Call type reports and profiles are accessible for both area-specific and agency-wide formats, with data compiled from the past week to as far back as 12 months. But, because the date, time, type and location of every call made is included in the system database, the department is quick to emphasize that the numbers may include multiple calls for a single incident and may or may not result in an arrest or crime report. 

What won’t be available are specific details of individual crime reports, including the origins 911 calls and exact locations of the incidents, as the mapping technology only enables viewers to see that an incident occurred within one of the department’s beat blocks. 

Of the nine beat blocks that encompass the Almaden Valley, data shows that 75 calls for service were placed during the week of June 27 to July 3, including three burglaries, three for hit and run, 34 disturbances, four vehicle thefts and four shots fired. In addition to providing valuable insight into types of calls placed in specific areas, the numbers also reaffirm the low crime rate that places Almaden residents among the safest in the city—especially when compared to the much smaller downtown neighborhood that Mayor Ron Gonzales calls home—where 388 calls for service were logged during the same time period. 

Almaden Division Commander Capt. Jack Farmer admits that offering access to the department by e-mail as well as phone has been helpful. Over the past week, he has received numerous calls and e-mails from residents who either have questions about or comments on the new site.

“It shows that they are using it and paying attention,” he says. “The feedback I’ve gotten from them is that it is very useful and they’re very thankful—they really appreciate what Chief Davis has done. This is a great tool and it most certainly is increasing communications on a different level.” 

Along with monthly messages from Chief Davis offered in English, Spanish and Vietnamese, additional features now include the option to sign up for neighborhood and city crime alerts via e-mail as well as the flexibility of filing online police reports for vandalism, vehicle tampering, lost property, theft, vehicle burglary and harassing phone calls. 

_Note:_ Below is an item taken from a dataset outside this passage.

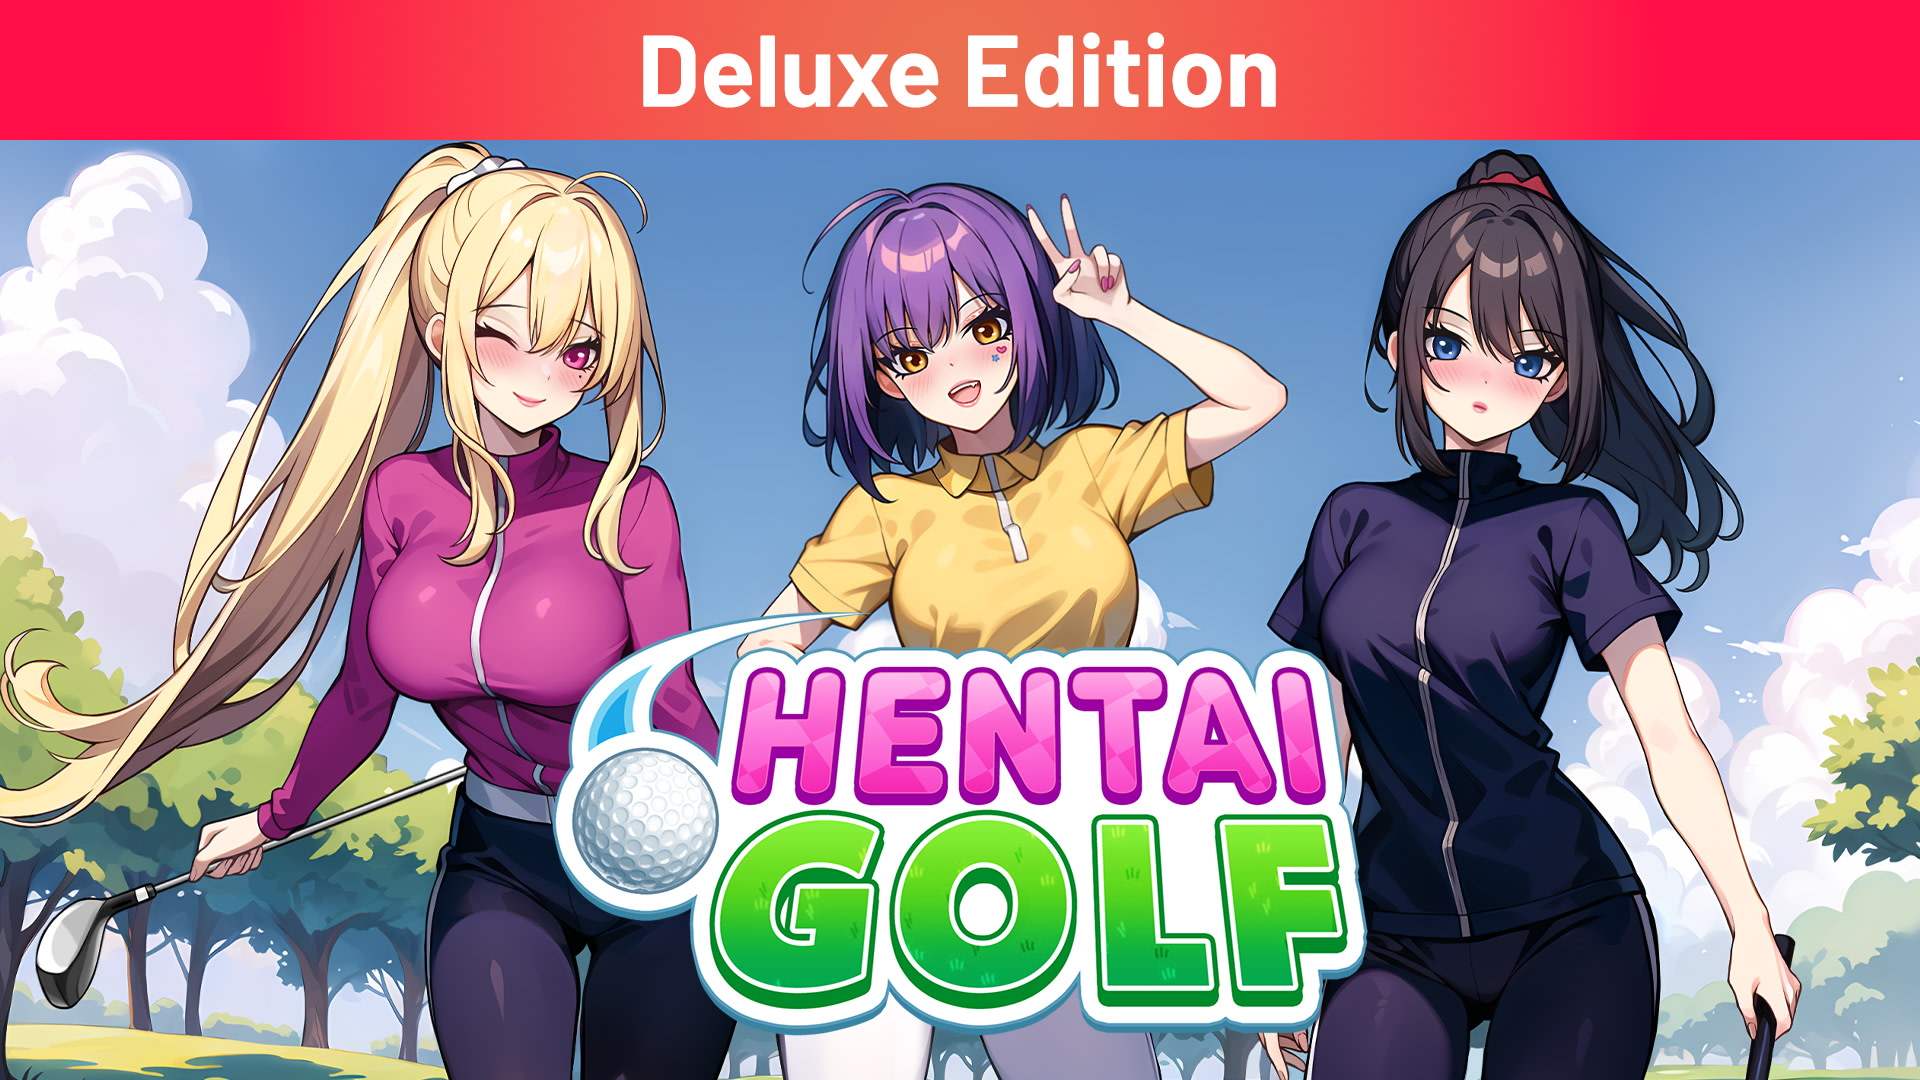 Hentai Golf Deluxe Edition

Barely more than a week old, the site has already received over 17,000 hits. It is being hailed by national organizations, such as the Office of Law Enforcement Technology and Commercialization in West Virginia, as a glowing model for using technological advances to provide the tools necessary to empower and encourage residents to become proactive in community policing strategies. 

By providing current press releases, safety tips and real-time traffic updates, along with fugitive and missing persons photos, Amber alerts, a high-risk sex offender search and assistance on how to work with police to prevent and solve crimes, the site is intended to serve as a valuable community policing tool—one that Davis hopes will enable San Jose to retain the title of Safest Big City in America for years to come. 

“We’re just scratching the surface,” he admits. “As time goes by, we’ll need to explore other things—make it more interactive and see what we can do to make it more of a community resource by offering a more real-time sketch, so people will go to it daily. Information can be powerful, and with it we can empower neighborhoods.” 

To view the new San Jose Police Department Web site, log on to www.sjpd.org.